* **WHAT YOU SHOULD DO**: Could you restate the data word for word and drop the pictures?

* **AVAILABLE DATA**:

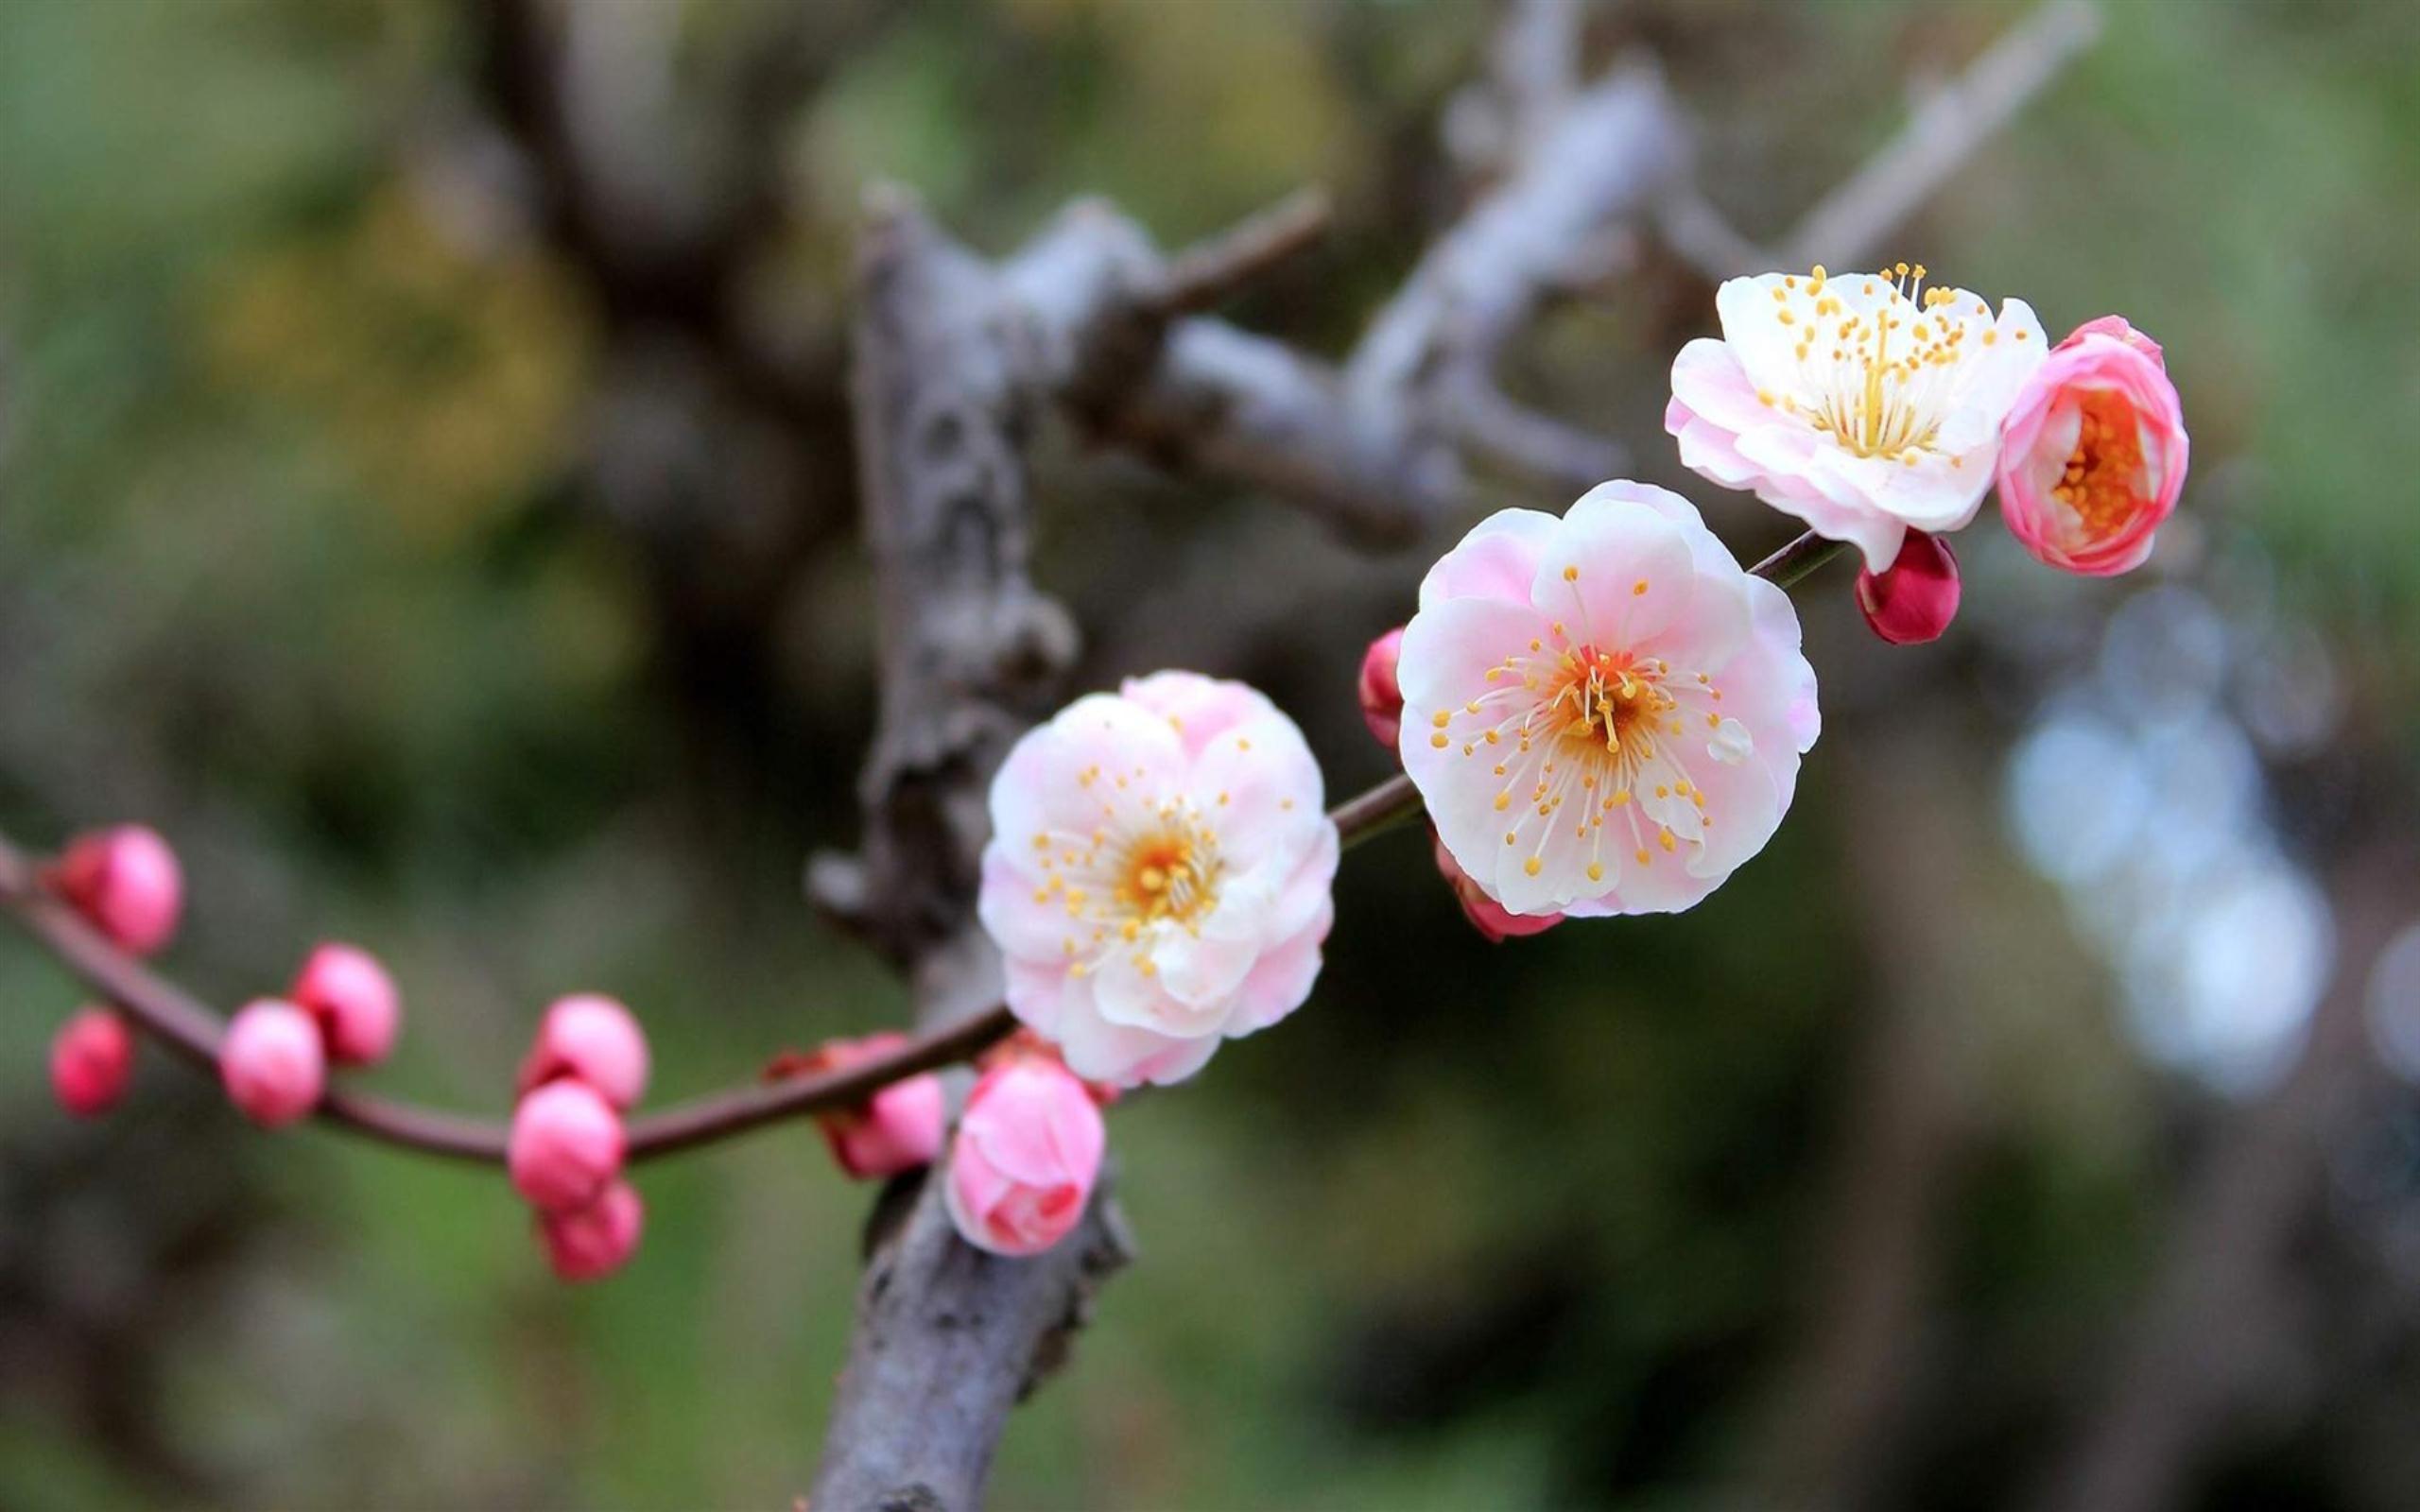 Blooming-Apple-Tree-wallpaper-wpc9003005
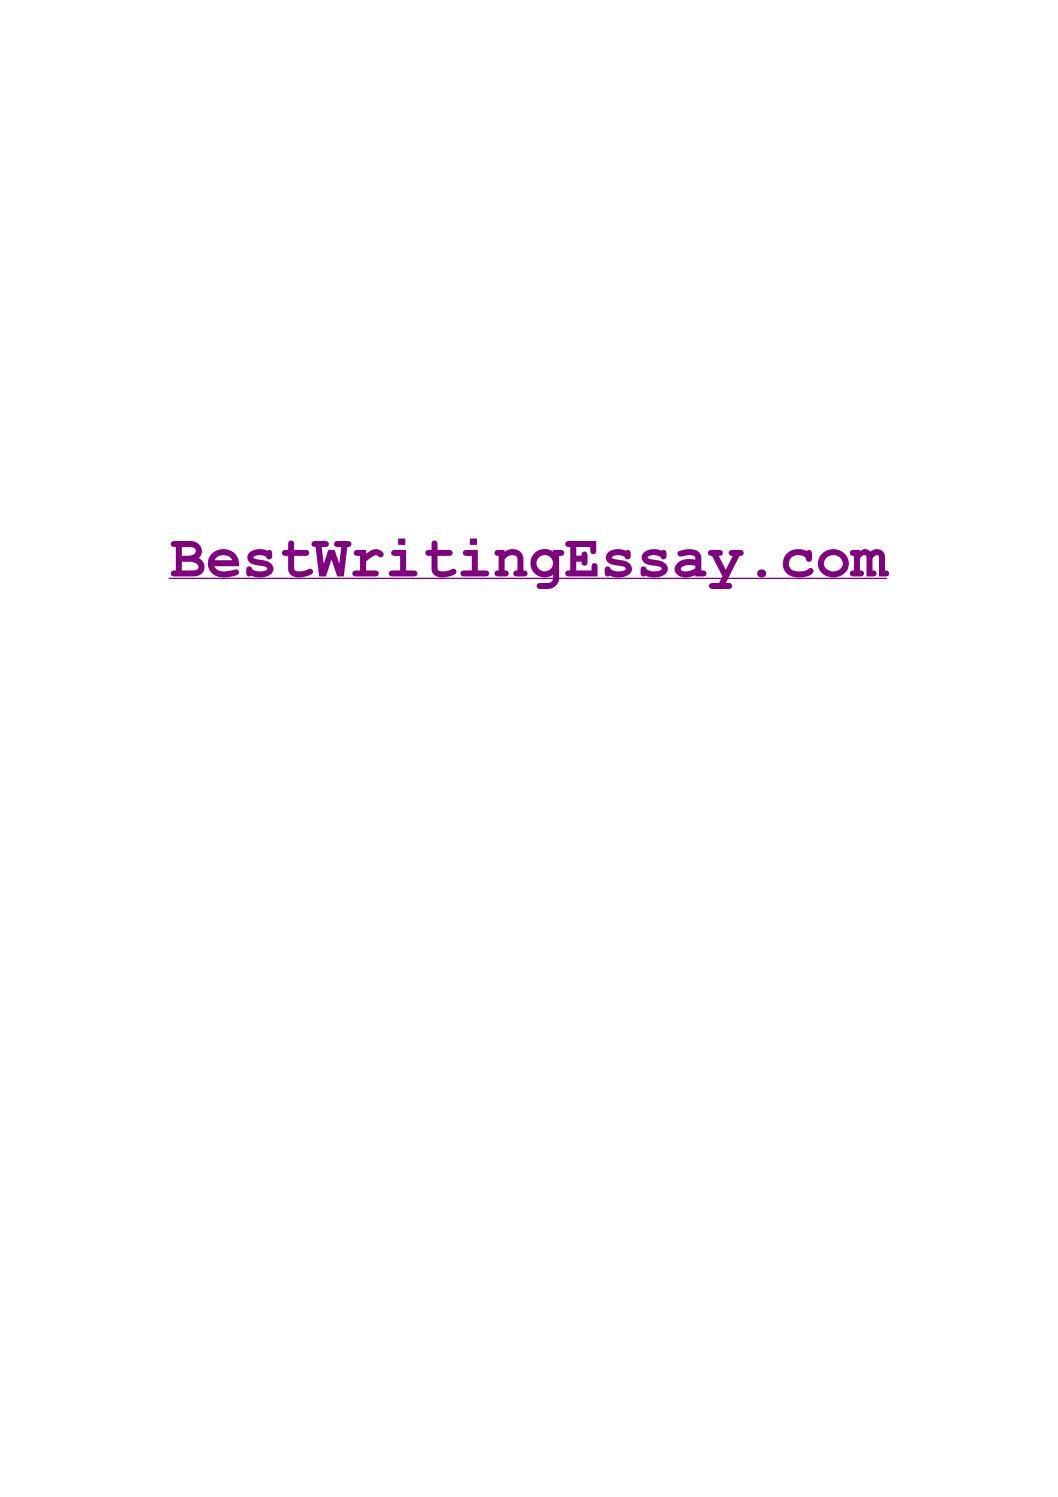 College application essay help online michael mason
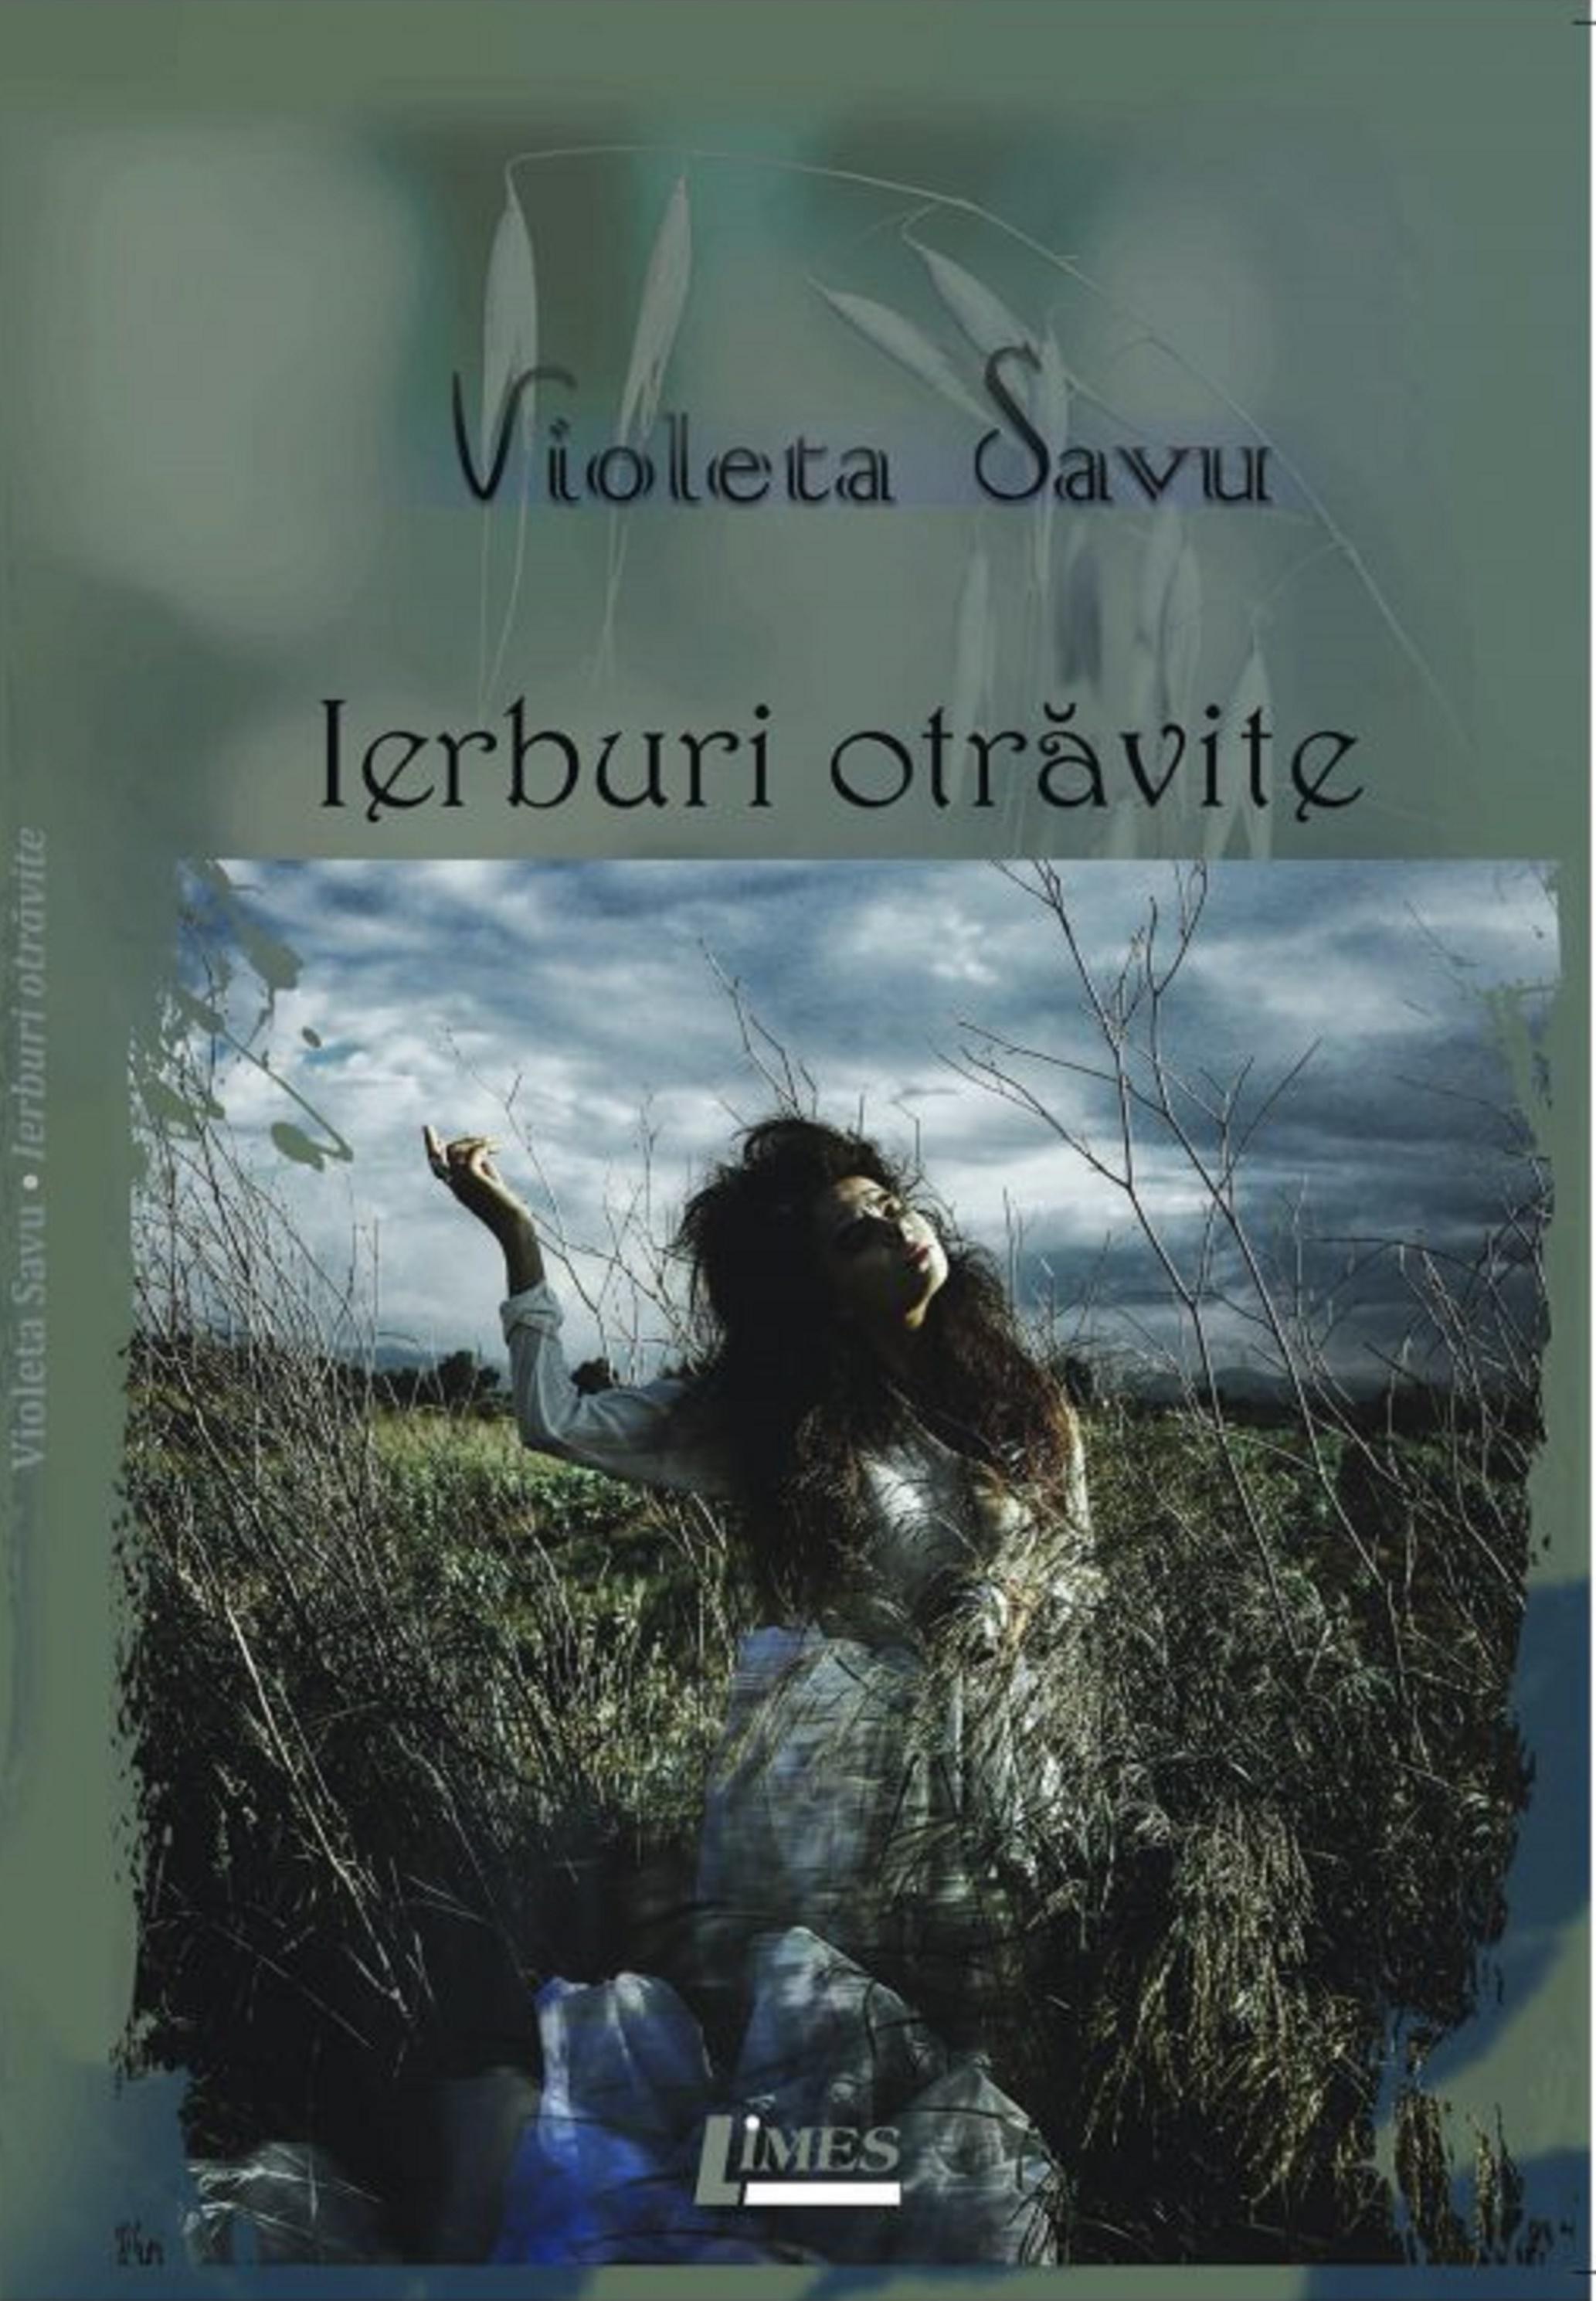 Ierburi otravite   Violeta Savu

* **RESULT OF THIS TASK**:
 Blooming-Apple-Tree-wallpaper-wpc9003005
 College application essay help online michael mason
 Ierburi otravite   Violeta Savu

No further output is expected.